Uber made the transfers to its US databases without “adequately safeguarding the data in connection with those transfers,” the authority noted. The DPA considers this transfer a “serious violation” of the General Data Protection Regulation (GDPR) European.

These laws require “companies and governments to handle personal data with due care,” said Aleid Wolsen, president of the DPA, in a statement on your website. “Unfortunately, this is not evident outside Europe. Think about governments that can intervene data on a large scale.”

“Totally unjustified” fine

“This wrong decision and this extraordinary fine are completely unjustified,” an Uber spokesperson told Euronews Next in an email. Uber maintains that complied with GDPR during three years of “immense uncertainty” between the US and the EU on how the regulations would be applied.

The problem, according to Uber, dates back to 2020, when the EU Court of Justice determined that the current data transfer framework between the EU and the US no longer complied with the regulation. The companies stayed “no clear guidelines for transatlantic data flows” for almost three years, according to a statement supporting Uber from the Computer and Communications Industry Association (CCIA Europe).

The European Commission resolved the situation in July 2023, issuing a statement stating that the US offers enough protection for European data. When the ruling was handed down, Uber said it did not have to make any changes to the way it stores information in the US.

“Any retroactive fines from data protection authorities are particularly worrying given that these same privacy watchdogs have failed to provide useful guidance during this period of great legal uncertaintyin the absence of a clear legal framework,” Alexandre Roure, Head of Policy at CCIA Europe, said by email.

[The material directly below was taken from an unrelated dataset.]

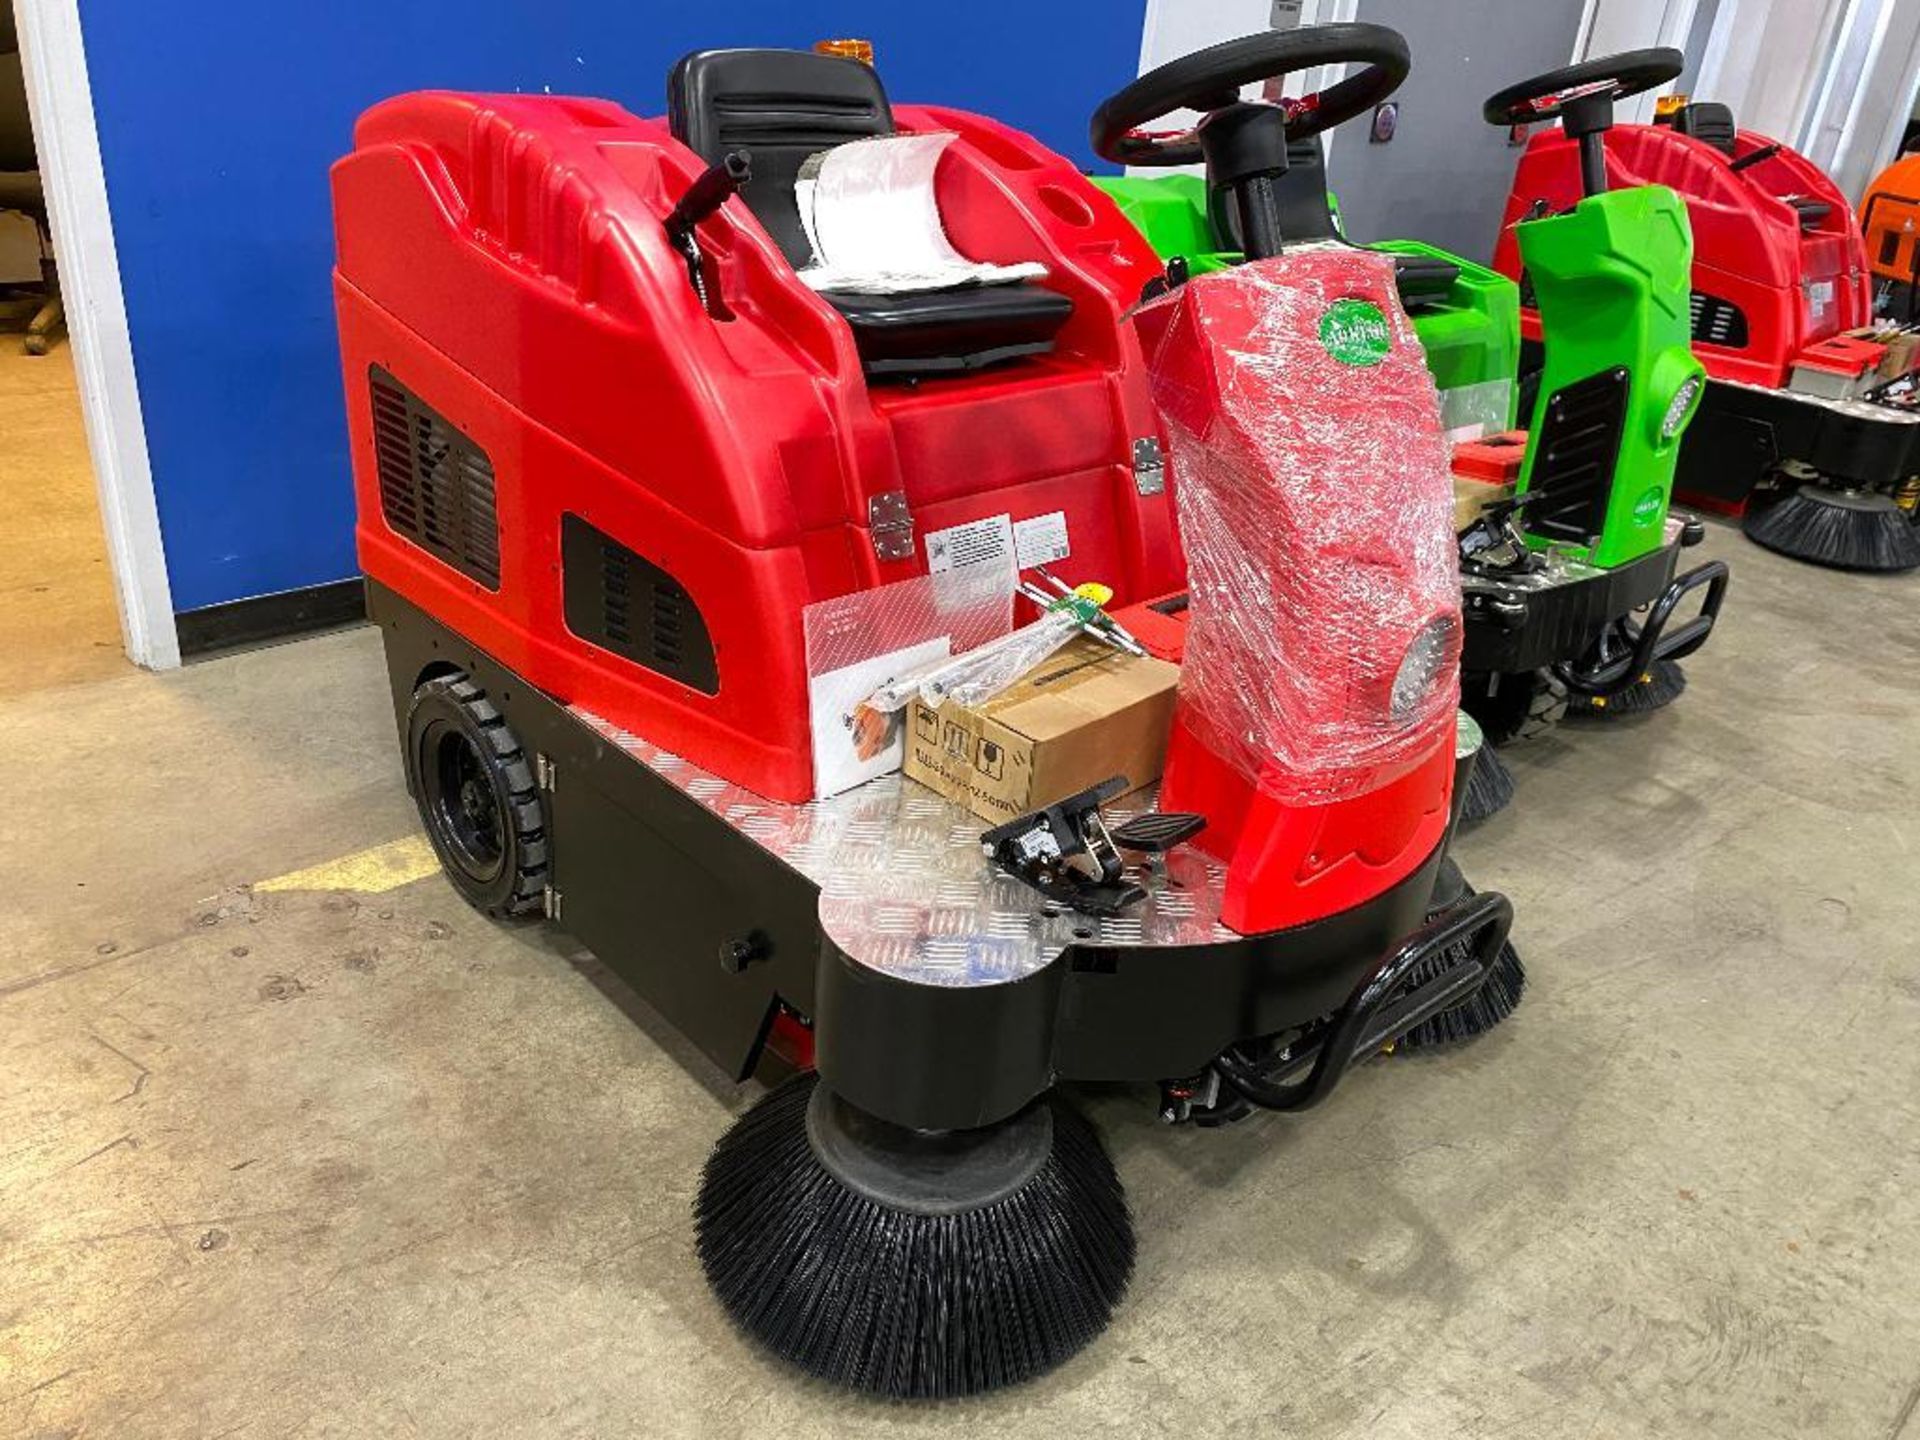 New 2022 Aokeqi 0S-V2 55" Wide Ride-On Electric Industrial Floor Sweeper - Image 2 of 10

For this European association, retroactive fines mean that there will be legal uncertainty for everything that happens online between 2020 and 2023, from video conferencing to online payment processing. Uber said it will appeal the fine and “continue to trust that common sense will prevail.” Your appeal means that the sanction is suspended until a final decision is made.

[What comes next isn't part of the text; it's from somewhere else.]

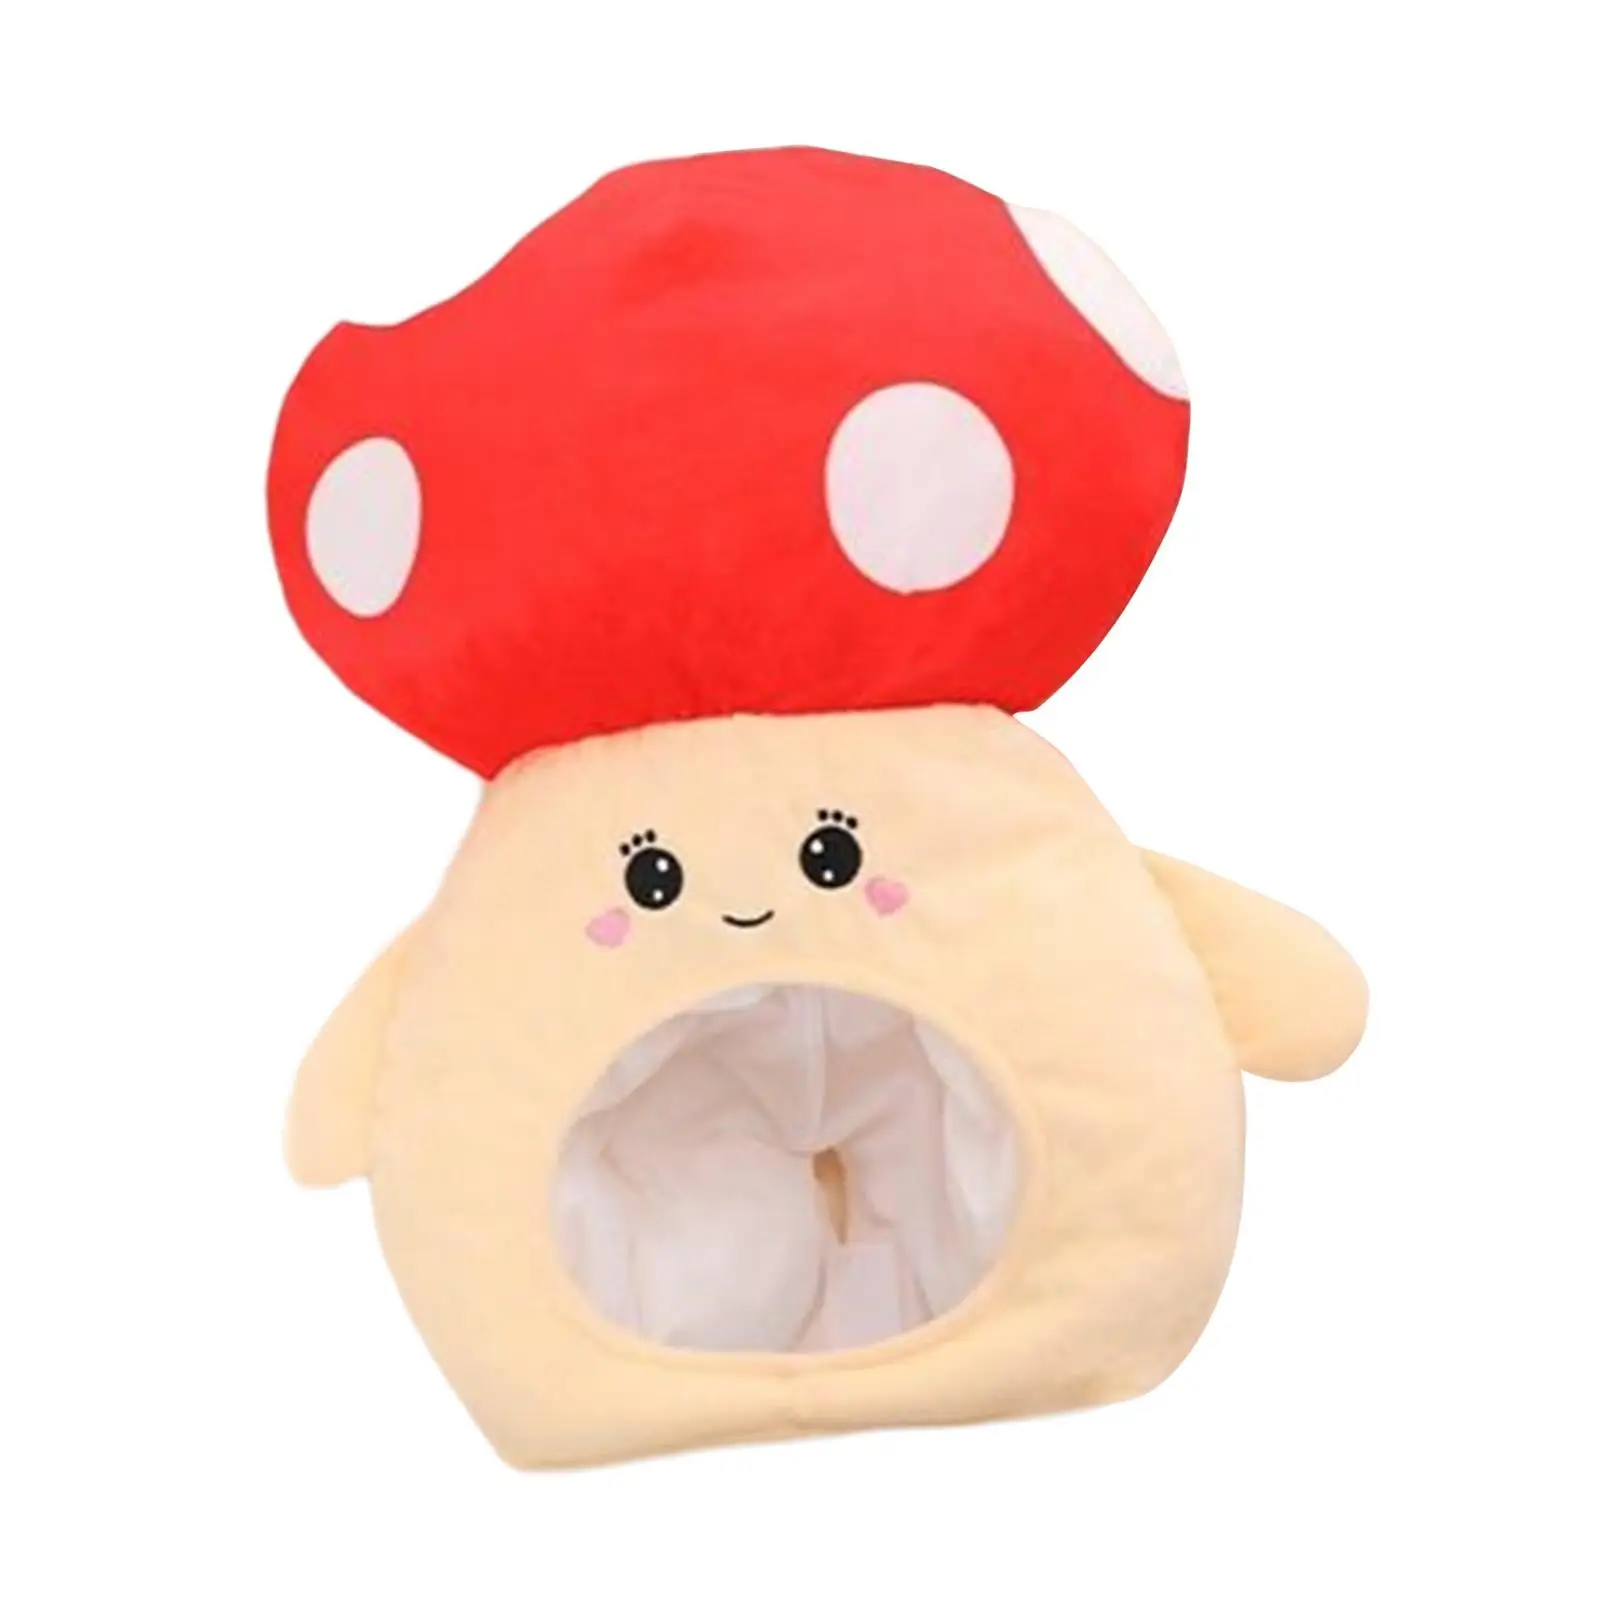 Lovely Plush Mushroom Hat Costume Hats Halloween Stuffed Toy for Carnival Festival Masquerade Stage Performance Dress up Hat

Third fine to Uber in five years

The DPA began its investigation earlier this year, after 170 French drivers will complain before the French NGO ‘Ligue des droits de l’Homme’ (Human Rights League) in 2021.

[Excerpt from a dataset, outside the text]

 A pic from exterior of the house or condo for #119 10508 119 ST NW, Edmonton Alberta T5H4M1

Uber’s headquarters for Europe, the Middle East and Africa is in Amsterdam, so the DPA took over the case. The Dutch authorities They also fined Uber 10 million euros in December and with 600,000 euros in 2018.

The DPA found in its December 2023 investigation that Uber did not respond quickly enough to requests for data from its drivers. Uber also provided “incomplete” information in your privacy statement about how the company transferred data to the US, according to France’s data authority, which worked with the Dutch on the case.

“This decision reaffirms the importance of demanding transparent information and the need to guarantee that the rights of interested parties are respected,” declared then the French data authority in a statement.

Jerome Giusti, a lawyer for the French League for Human Rights, said in a statement in February that it believes the December complaint was “the first large-scale worker action in Europe based on the GDPR.” And he added that the drivers he represents “are considering starting a group action to obtain compensationafter this first condemnatory decision before the French courts”.

Uber maintains that the DPA said that the platform The ride-sharing company fulfilled its obligations to deliver data in a timely manner to its drivers. The company added that its appeal in the December 2023 case remains active.